▶ Input data
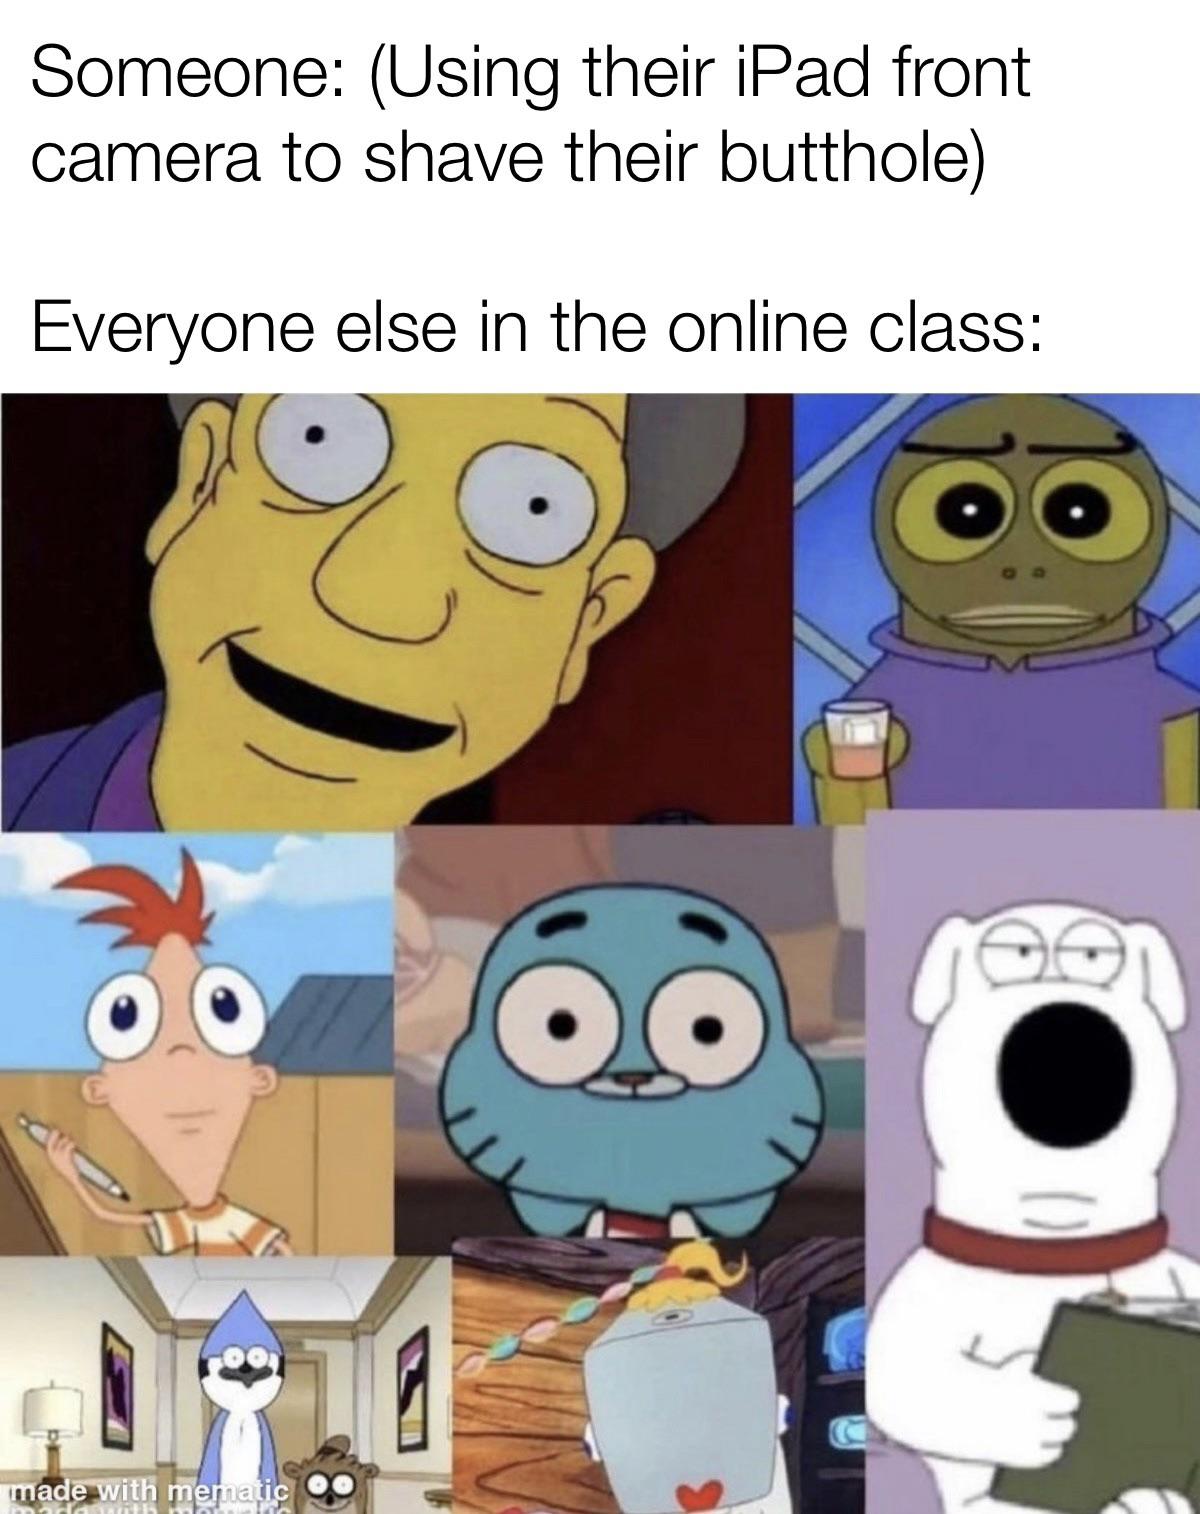 front facing cartoon characters - Someone Using their iPad front camera to shave their butthole Everyone else in the online class made with mematic
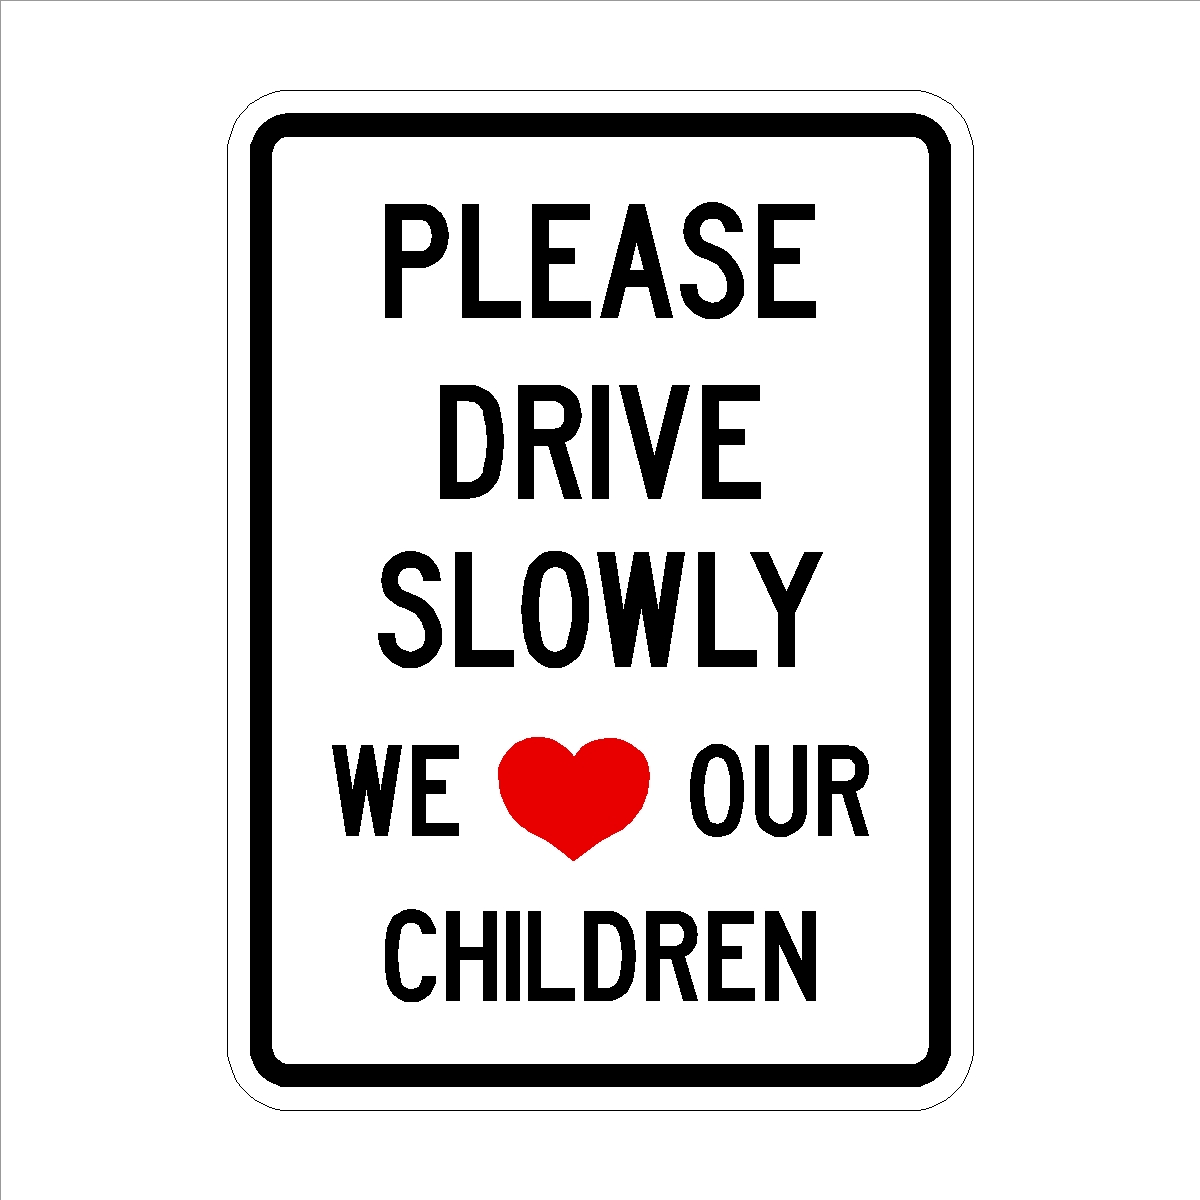 Please Drive Slowly We Love Our Children Sign 18" x 24" High Intensity Prismatic 
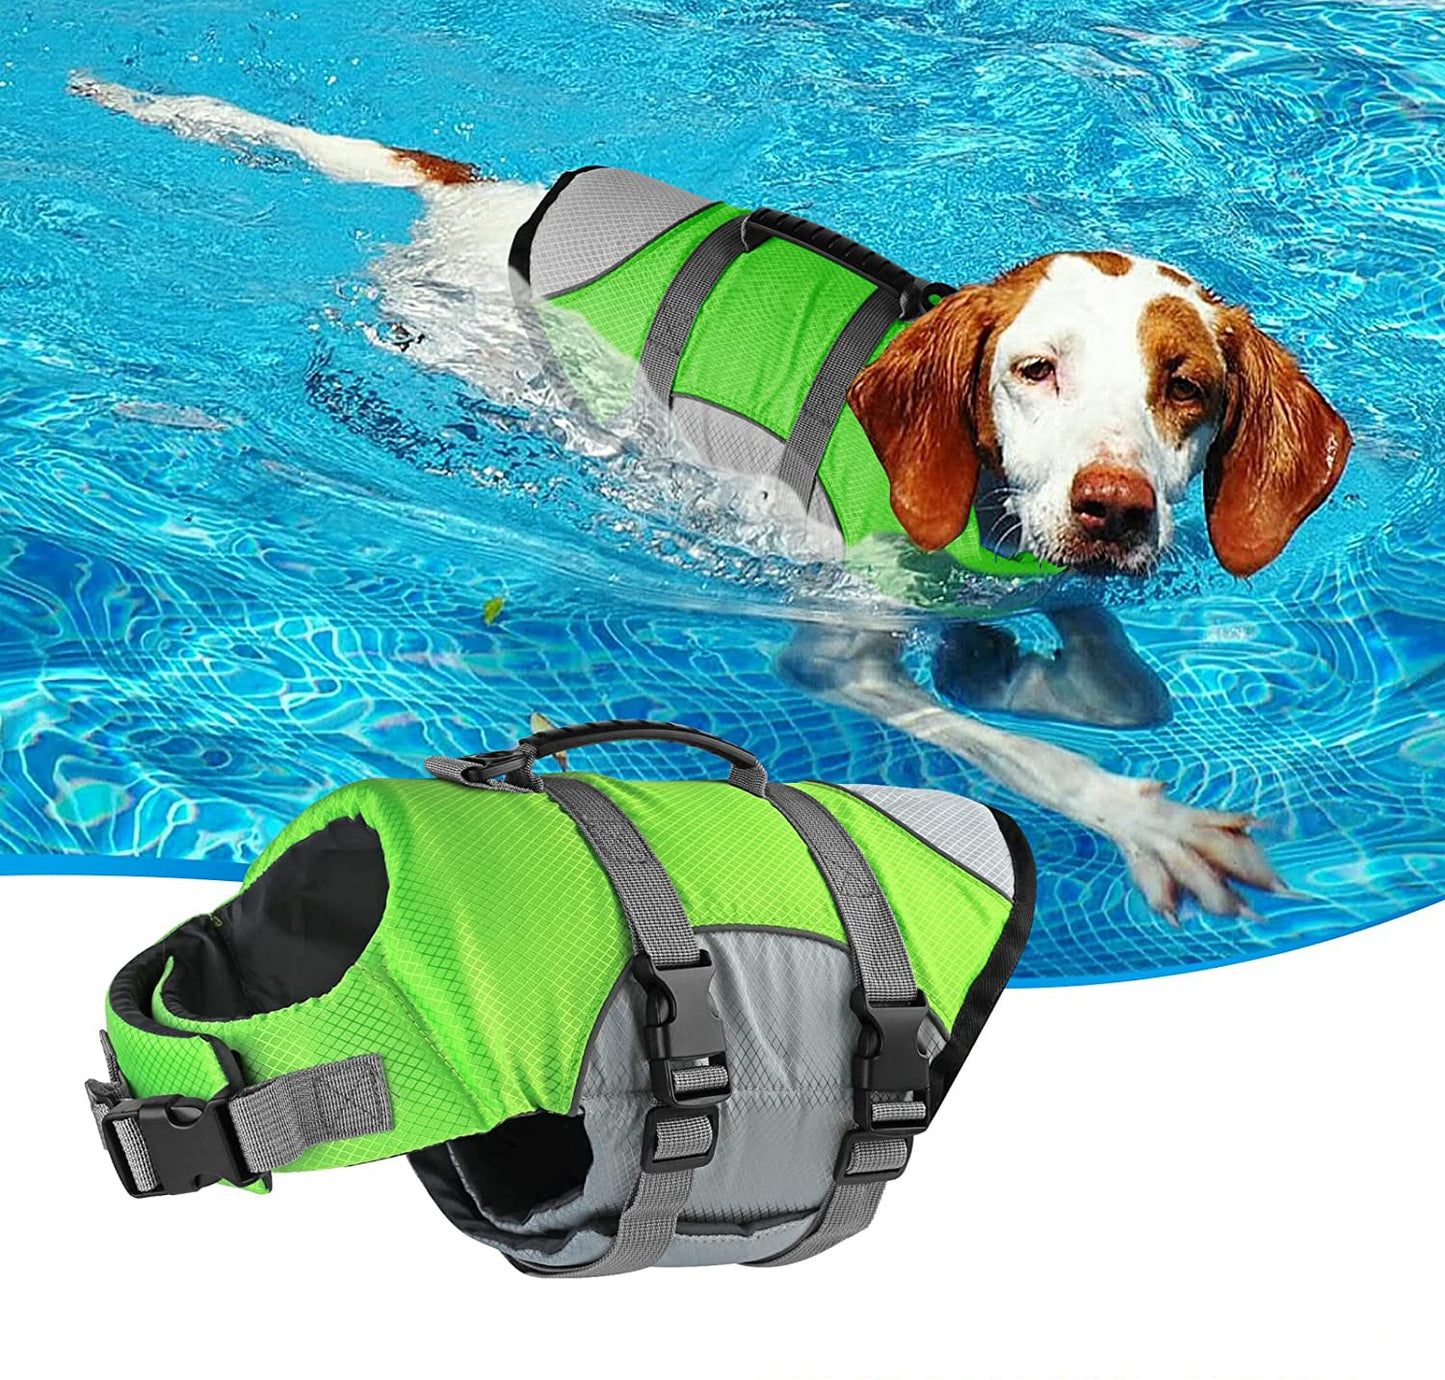 Reflective Dog Life Jacket Sport Safety Rescue Vest Dog Clothes Adjustable Vests Puppy Float Swimming Suit for All Pet Dogs
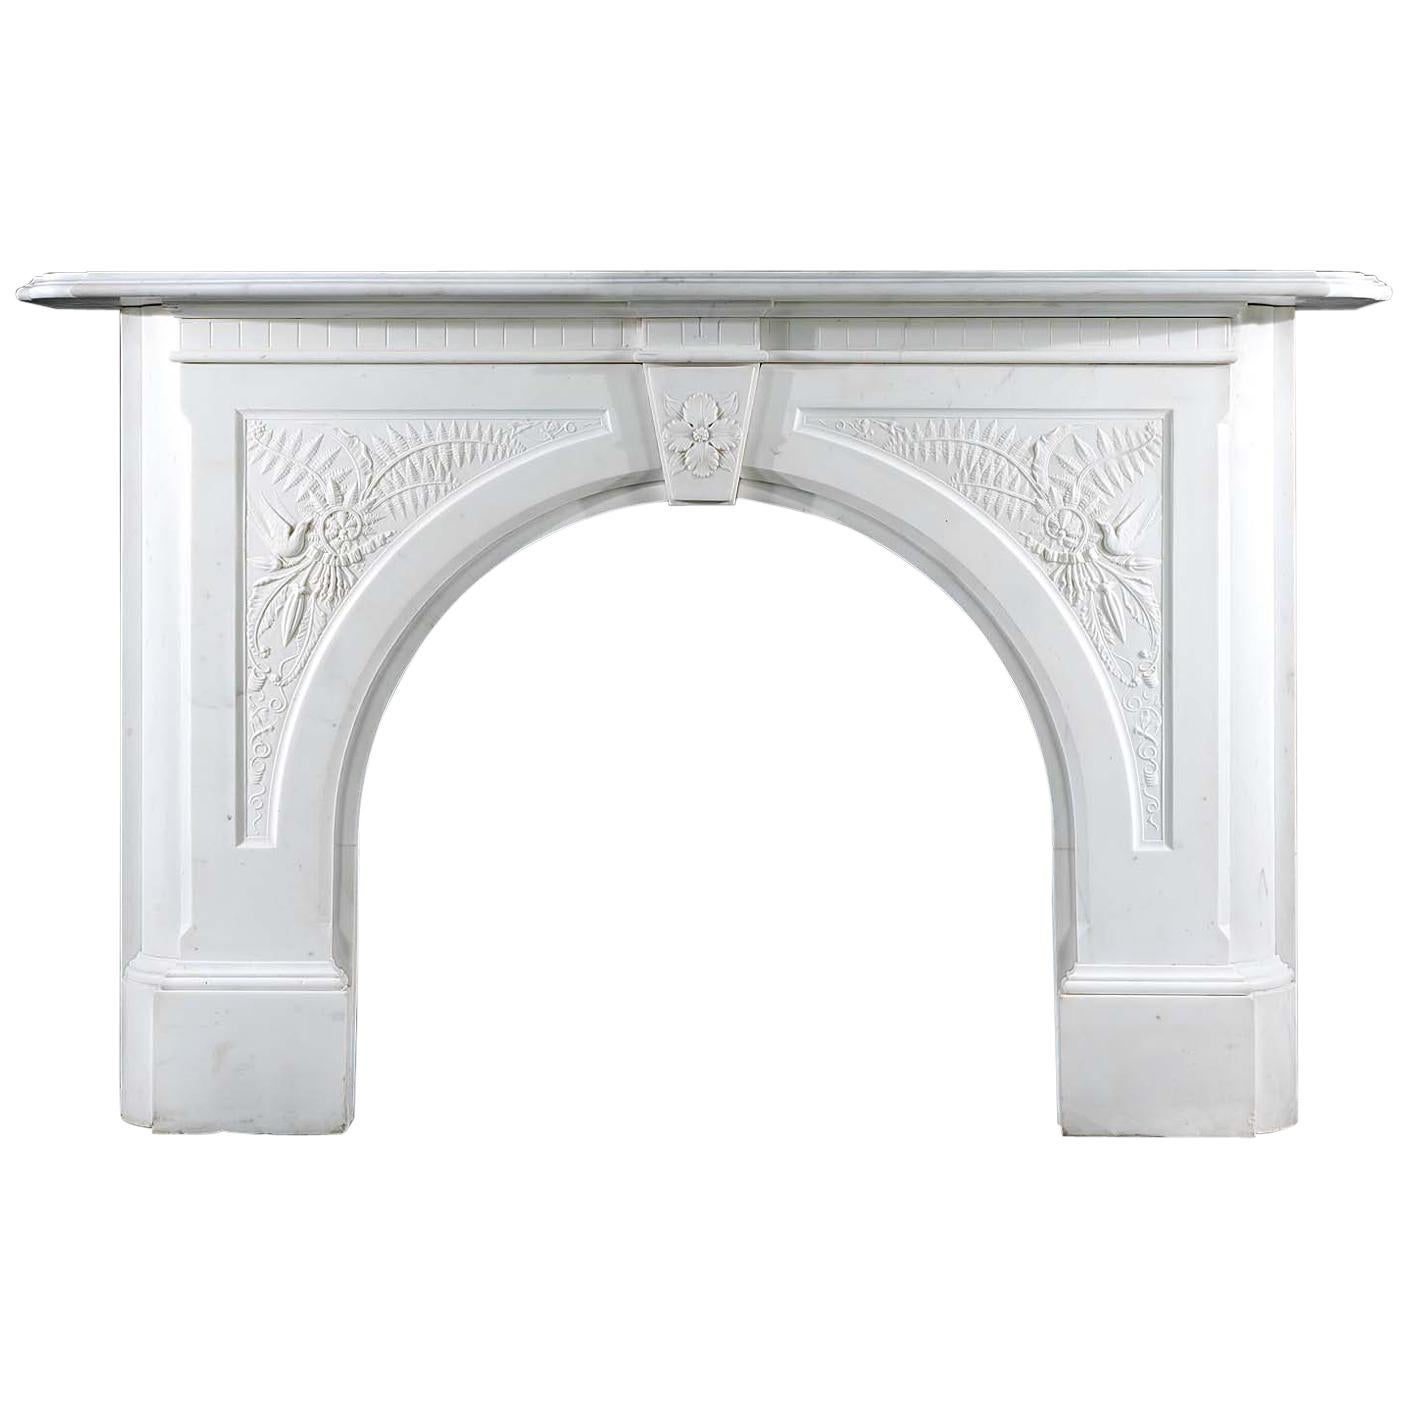 Large Arched Victorian Chimneypiece in White Statuary Marble

▶ Assignment
Set down the whole listing word for word, omitting the pictures.

▶ Response to the exercise
 front facing cartoon characters - Someone Using their iPad front camera to shave their butthole Everyone else in the online class made with mematic
 Please Drive Slowly We Love Our Children Sign 18" x 24" High Intensity Prismatic 
 Reflective Dog Life Jacket Sport Safety Rescue Vest Dog Clothes Adjustable Vests Puppy Float Swimming Suit for All Pet Dogs
 Large Arched Victorian Chimneypiece in White Statuary Marble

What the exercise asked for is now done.